- **What is expected**:
Your job is to print, exactly, the lines in the data below from the line with "30 Best Indesign" through the line with "street destruction samples .jpg", both included, and to omit any picture.

- **Material for this task**:

BEGIN

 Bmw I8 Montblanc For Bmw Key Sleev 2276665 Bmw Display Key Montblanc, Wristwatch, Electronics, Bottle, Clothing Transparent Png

END
BEGIN

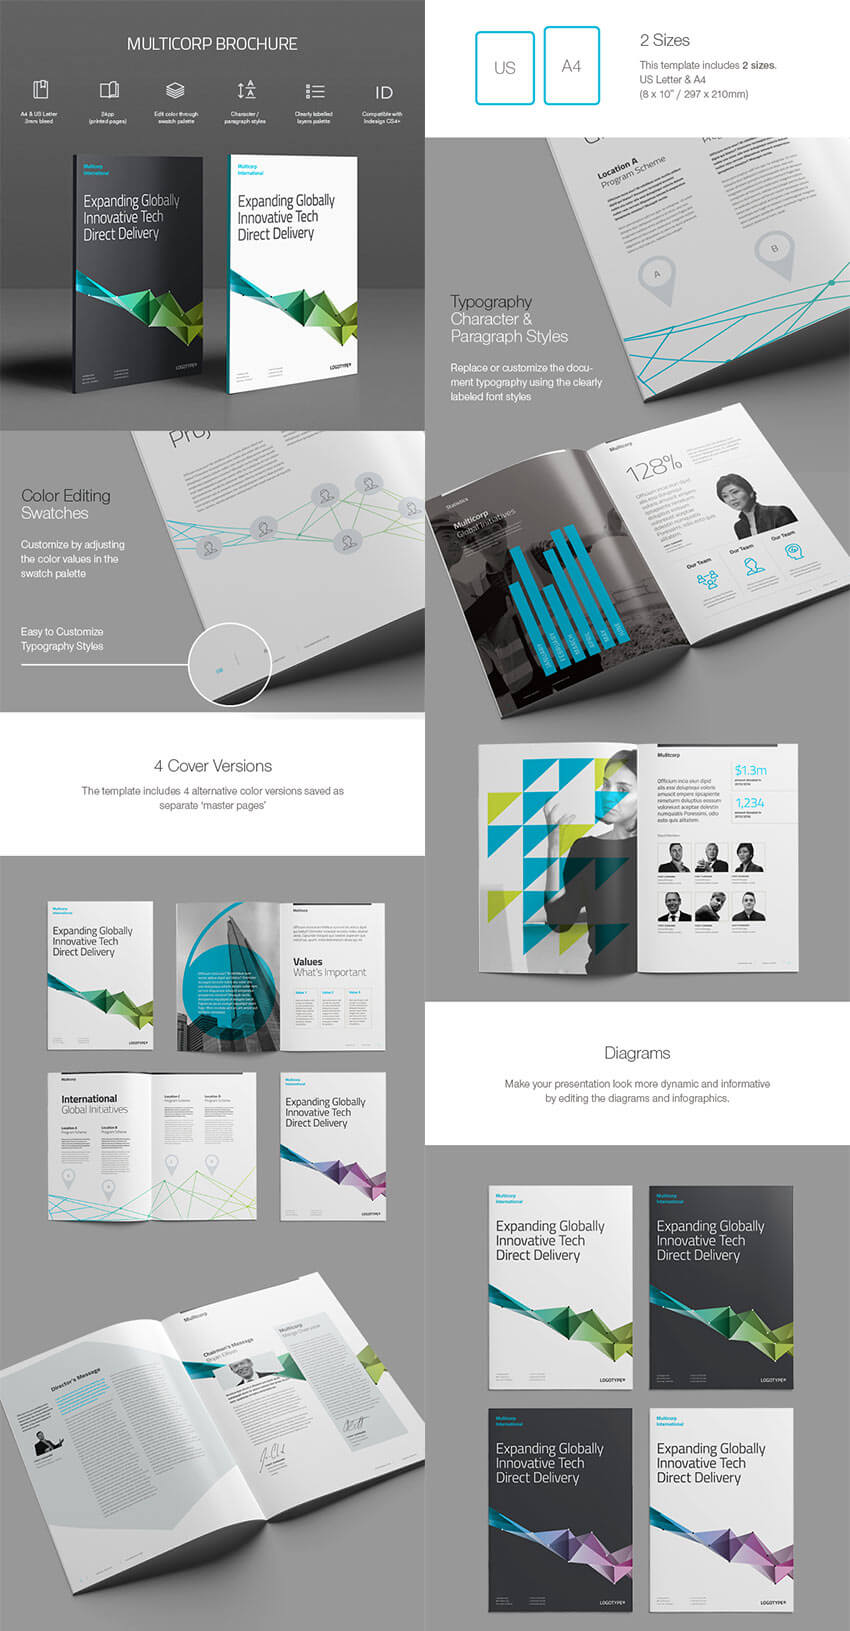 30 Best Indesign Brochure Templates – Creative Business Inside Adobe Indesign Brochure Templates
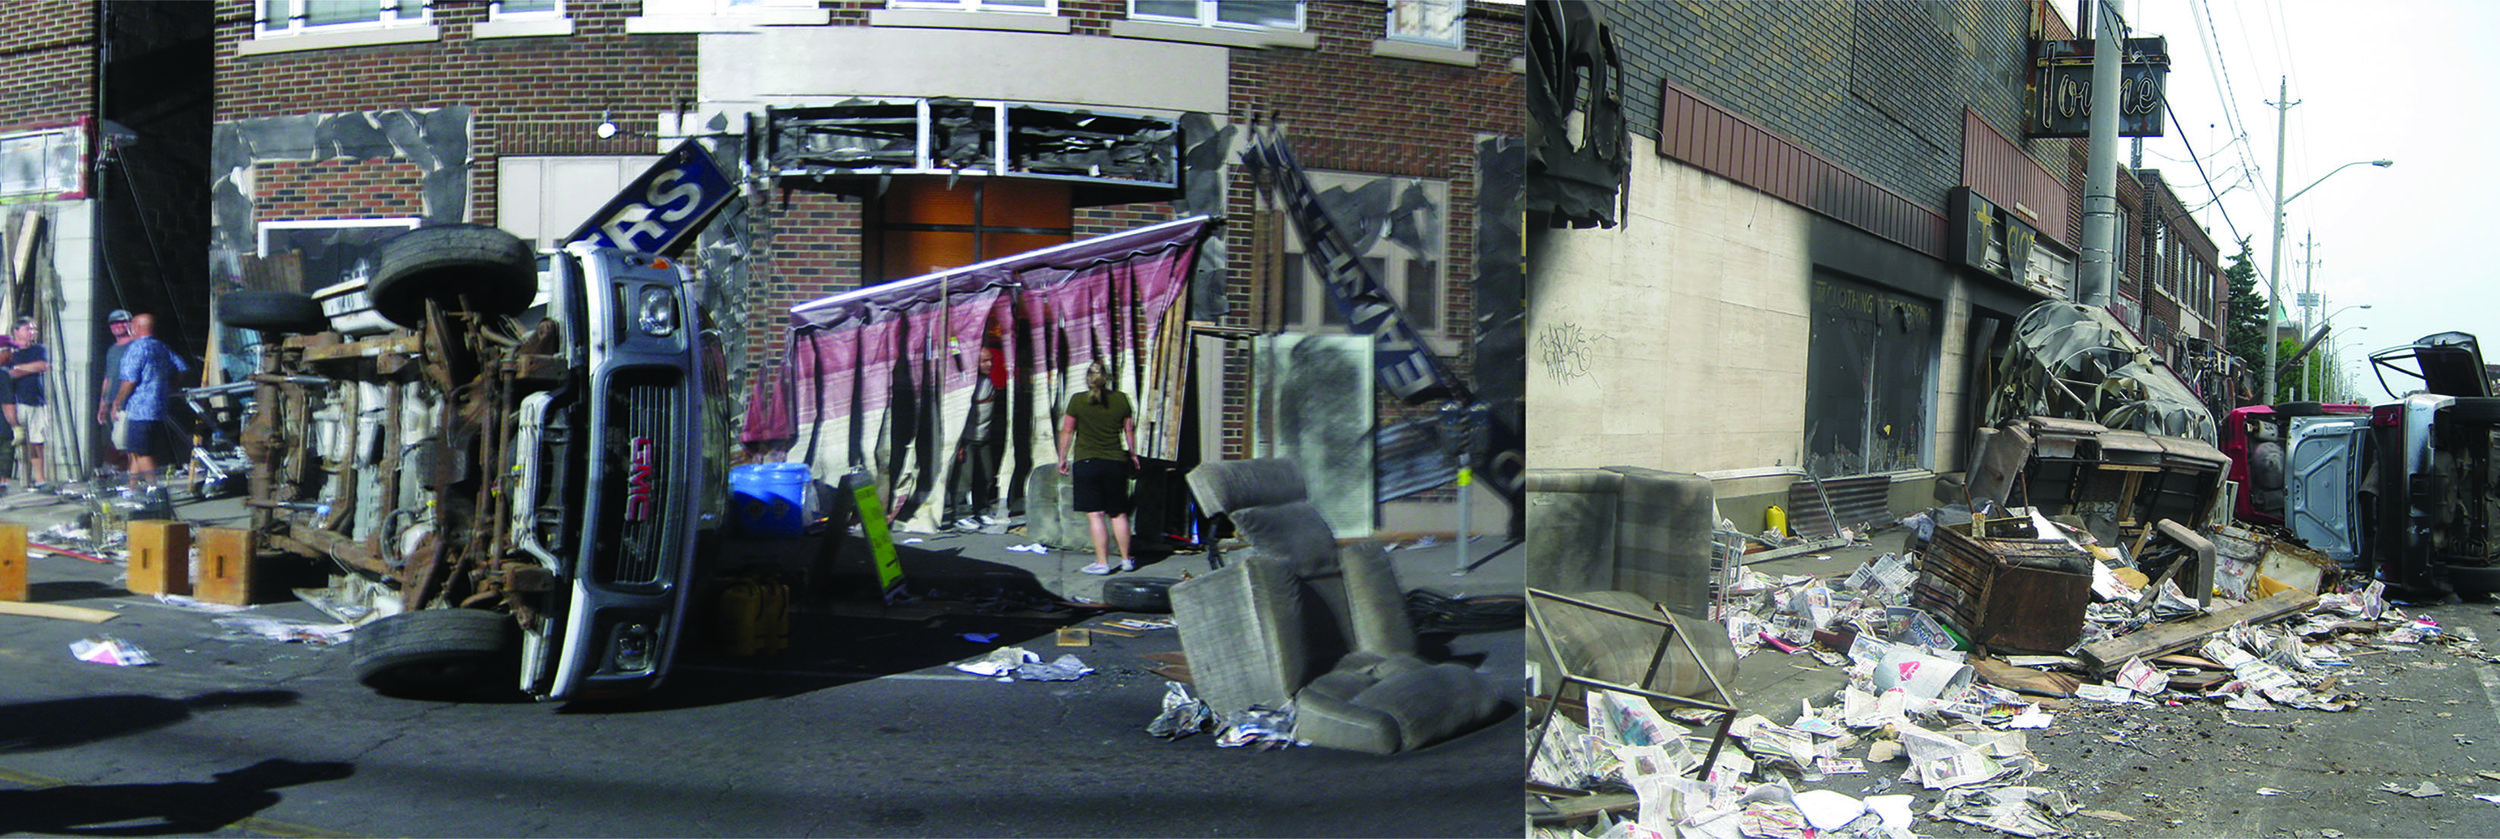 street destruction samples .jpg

END

- **The completed task**:
 30 Best Indesign Brochure Templates – Creative Business Inside Adobe Indesign Brochure Templates
 street destruction samples .jpg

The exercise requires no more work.